▸ Activity
Could you copy exactly the lines below, beginning at the line with "Light grey satin choker long sleeve crop top" and stopping after the line with "Plan Aragonés para", with no pictures?

▸ Given data

= Beginning of Section =

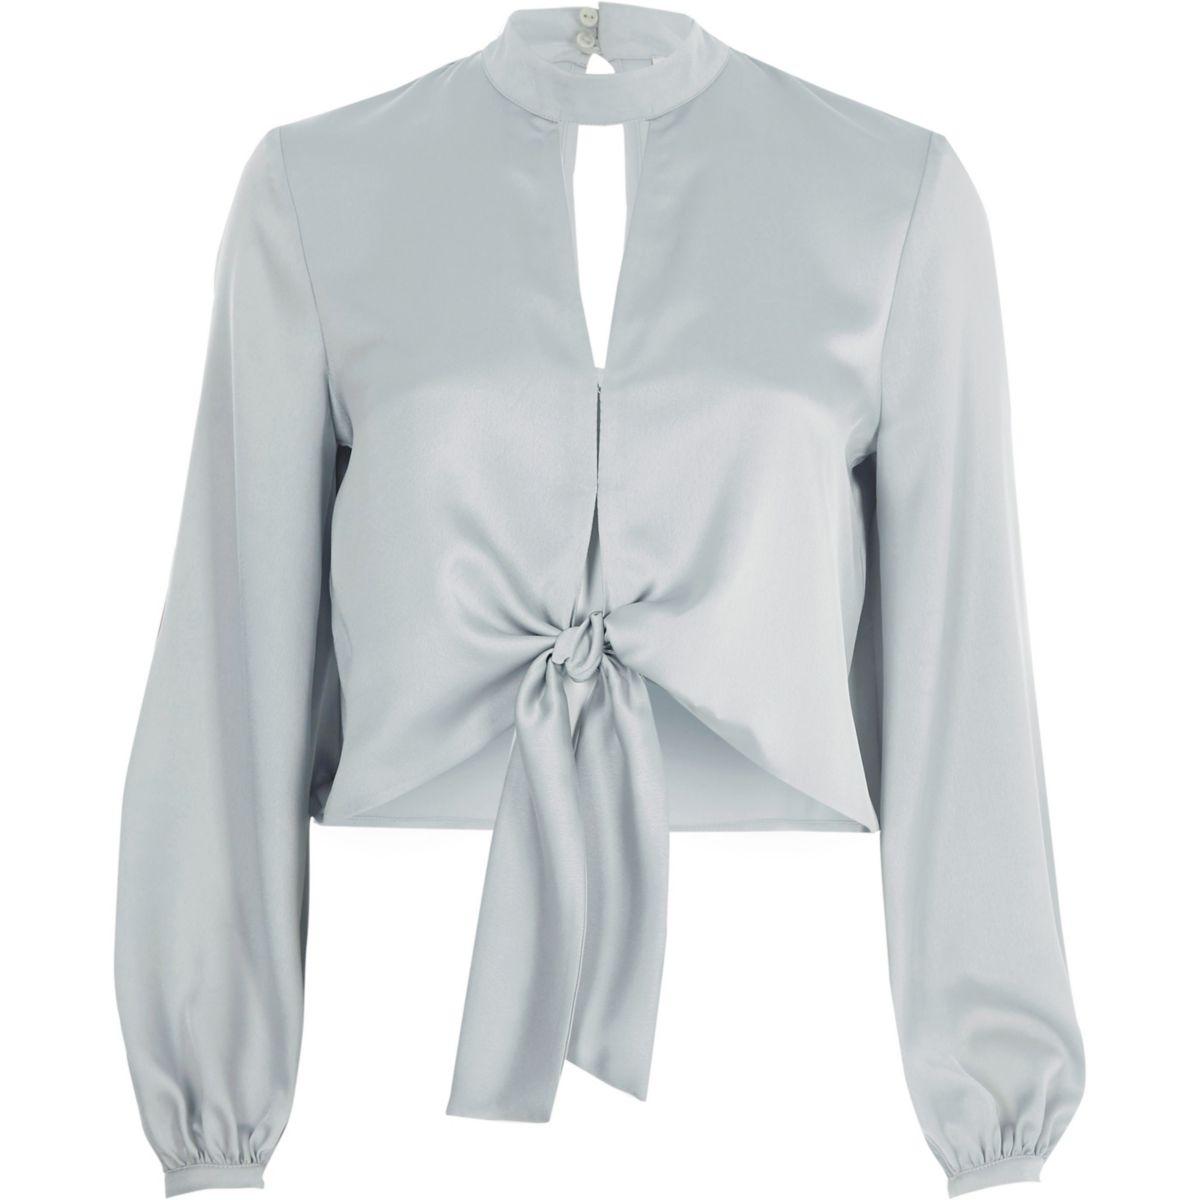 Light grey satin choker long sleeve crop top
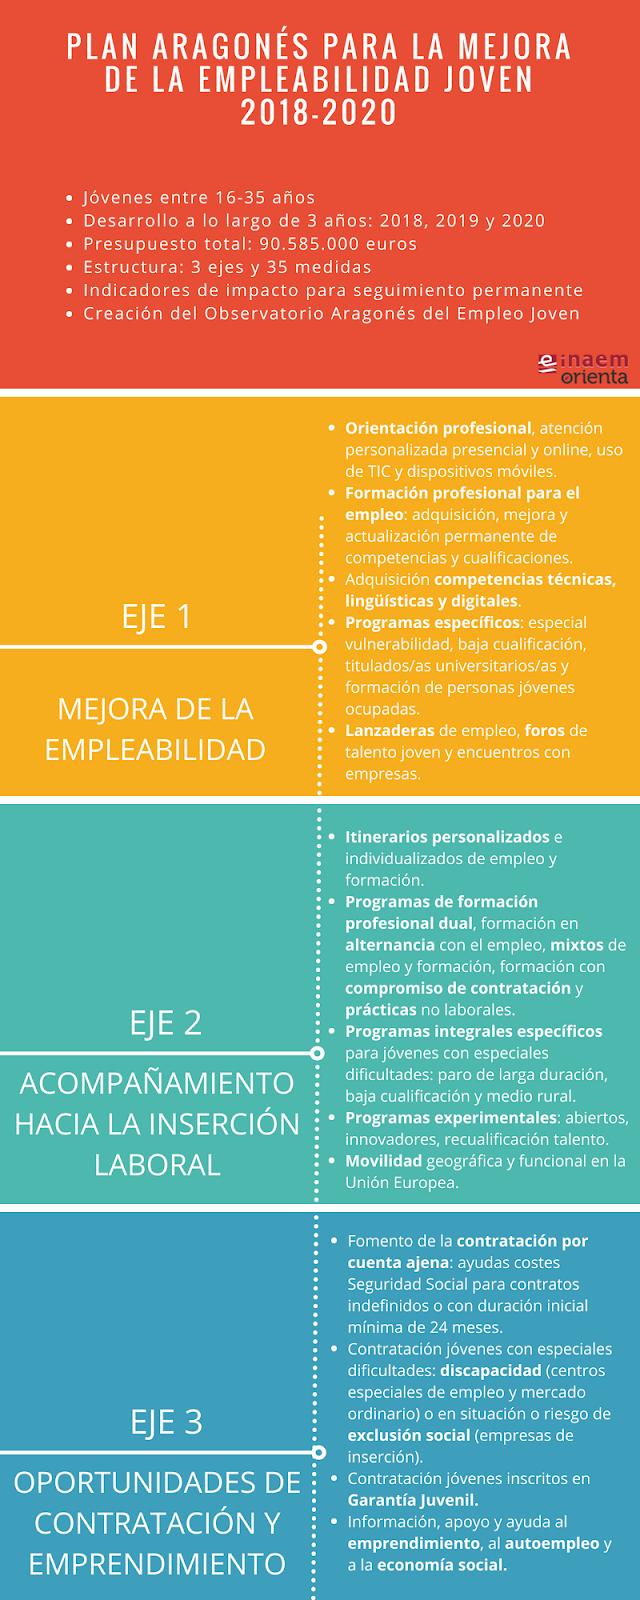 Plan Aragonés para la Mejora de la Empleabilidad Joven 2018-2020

= End of Section =
= Beginning of Section =

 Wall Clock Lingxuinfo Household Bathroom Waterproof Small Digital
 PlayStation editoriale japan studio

= End of Section =
= Beginning of Section =

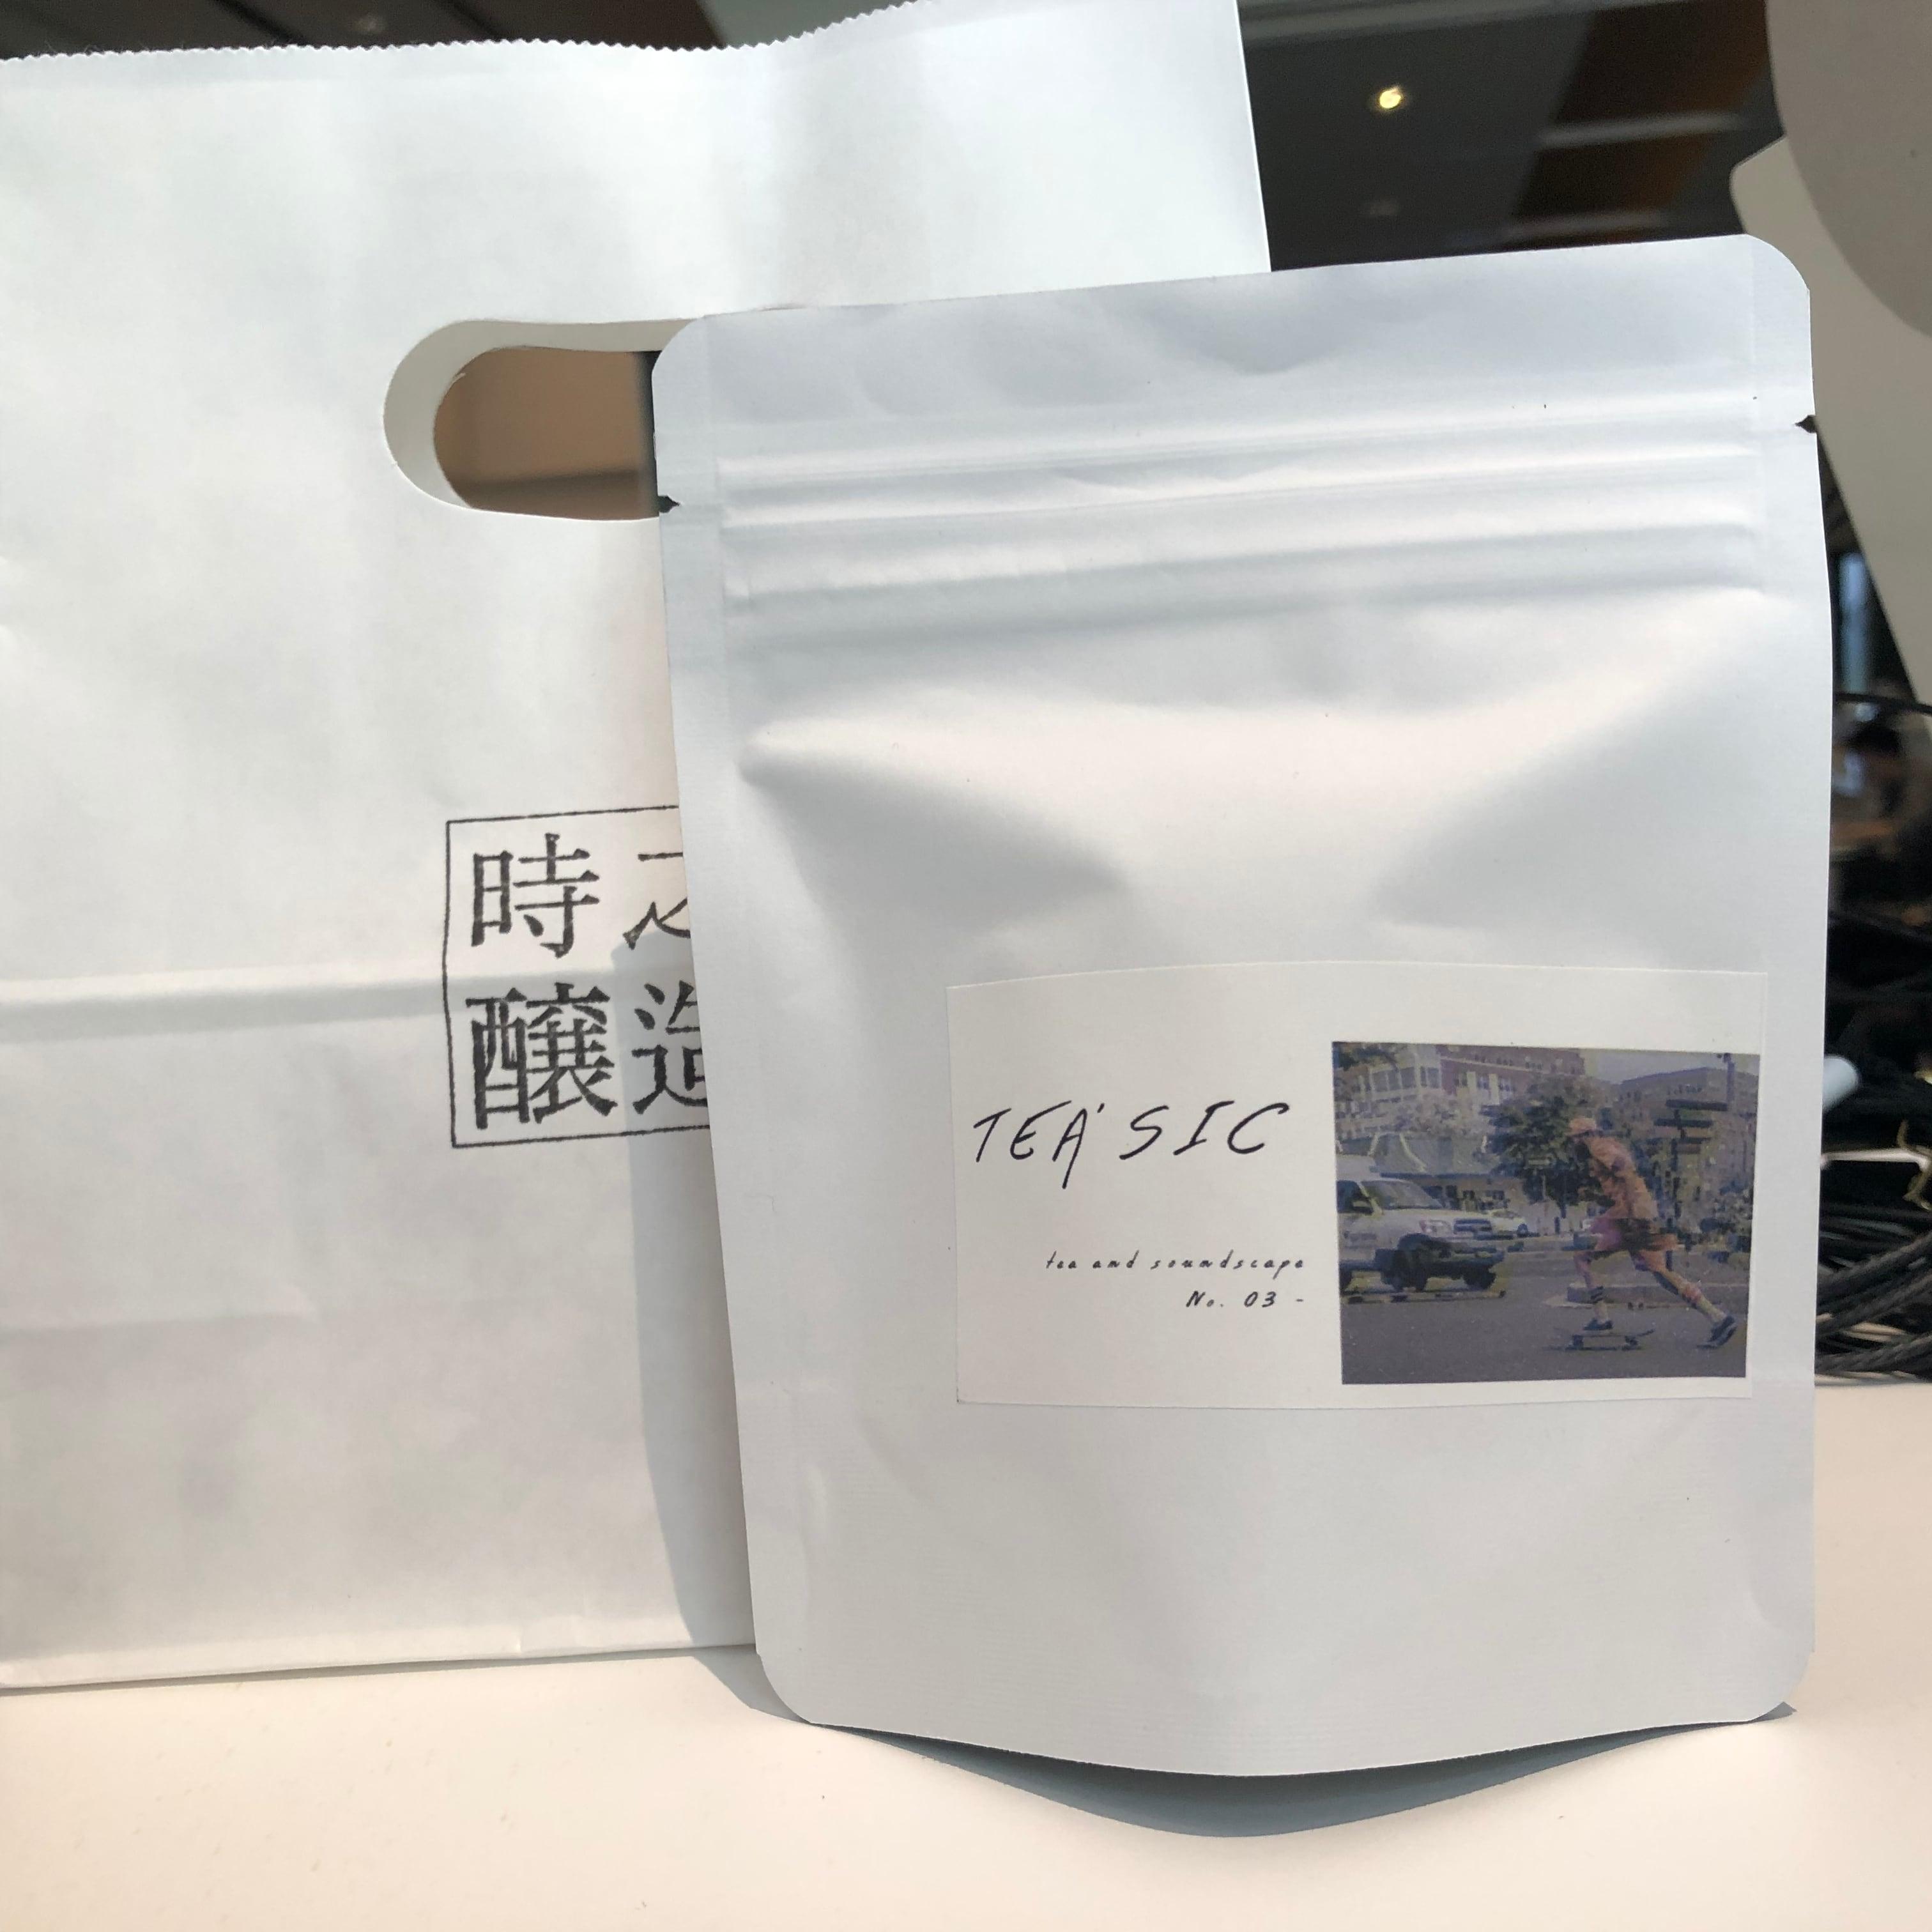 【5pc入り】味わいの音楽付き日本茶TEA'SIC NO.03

= End of Section =

▸ Response below
 Light grey satin choker long sleeve crop top
 Plan Aragonés para la Mejora de la Empleabilidad Joven 2018-2020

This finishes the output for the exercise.